Objective: To determine the association between splenectomy and pulmonary hypertension in patients with thalassaemia with anaemia.

Design: Prospective cross-sectional study.

Methods: 68 patients with thalassaemia, who had a haemoglobin concentration of less than 100 g/l, were recruited into this study. Echocardiography was performed before clinical data were reviewed. Pulmonary artery pressure was estimated by measuring the systolic transtricuspid pressure gradient from tricuspid regurgitation and adding it to the right atrial pressure, which was estimated by the response of the inferior vena cava to inspiration. Pulmonary hypertension was defined as systolic pulmonary artery pressure > 35 mm Hg. History of splenectomy and other clinical data were compared between patients with and without pulmonary hypertension.

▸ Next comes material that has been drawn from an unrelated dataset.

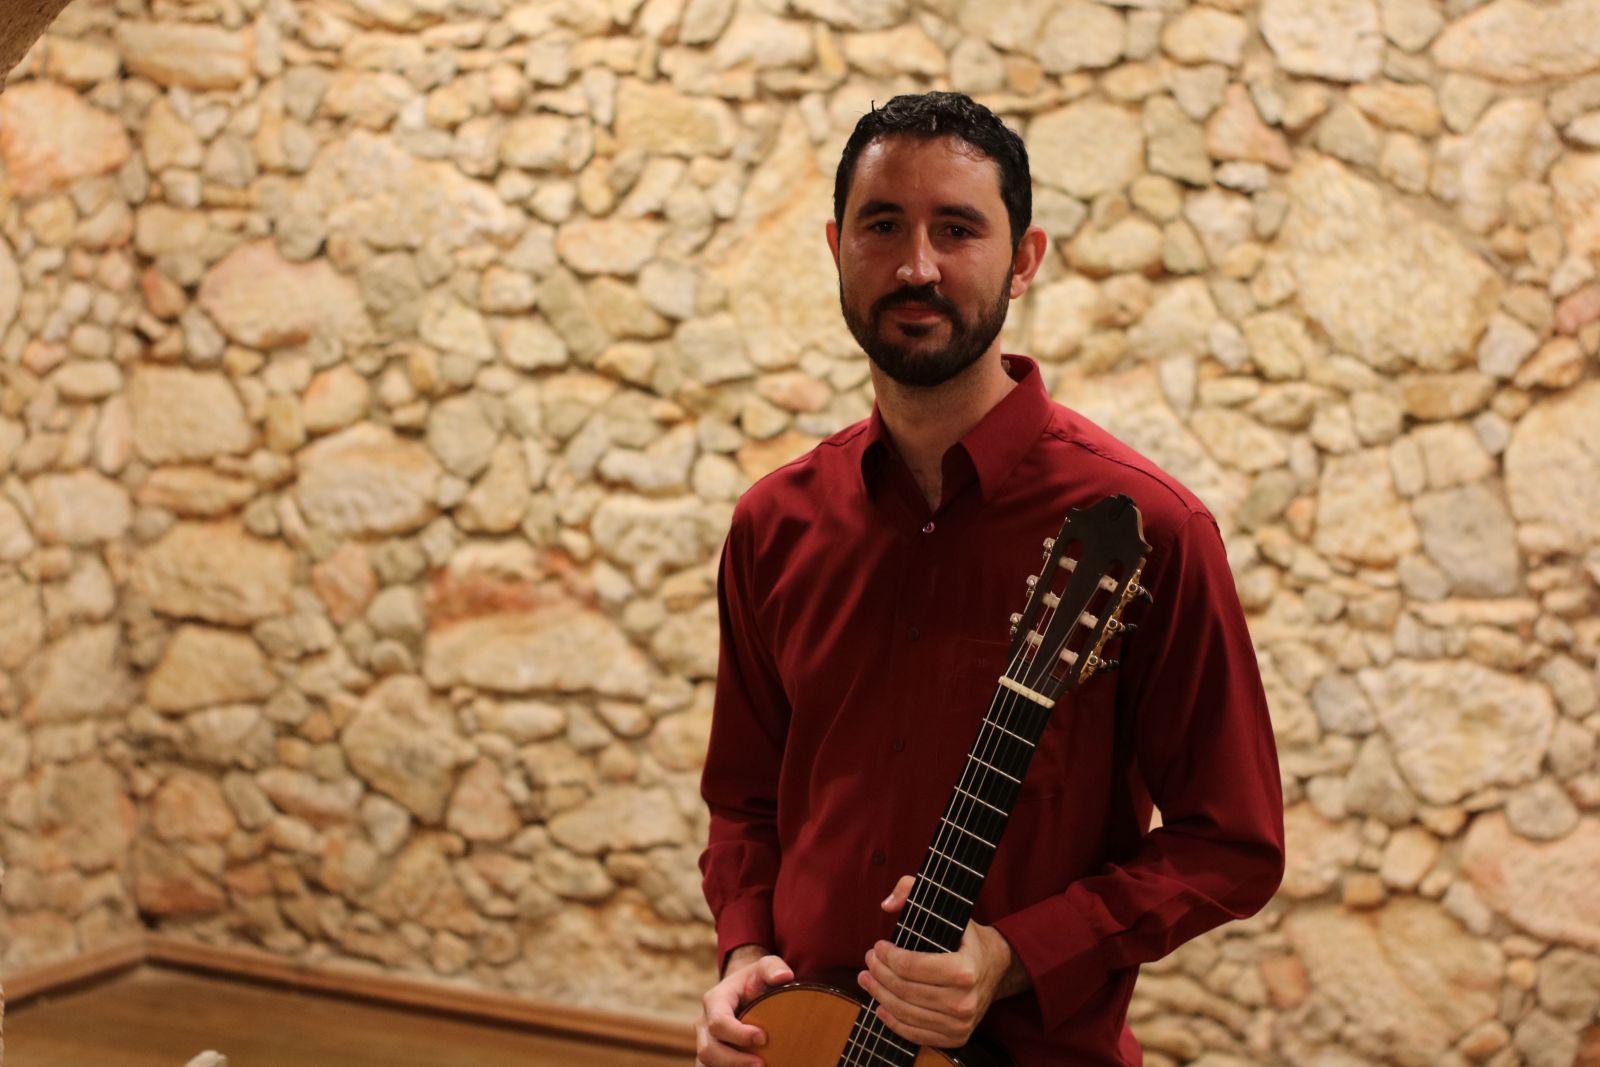 Elenco de 15 violonistas apresenta ciclos de Vicente Paschoal em evento online - Jefrey Andrade

Results: 29 patients had pulmonary hypertension and 39 did not. Patients with pulmonary hypertension had significantly more nucleated red blood cells and higher platelet counts, and a higher prevalence of splenectomy (75.8% v 25.6%, odds ratio 9.1, 95% confidence interval 3.0 to 27.7). In multivariate analysis, splenectomy was the only factor significantly related to pulmonary hypertension.

Conclusion: Splenectomy is a strong risk factor for pulmonary hypertension in patients with thalassaemia.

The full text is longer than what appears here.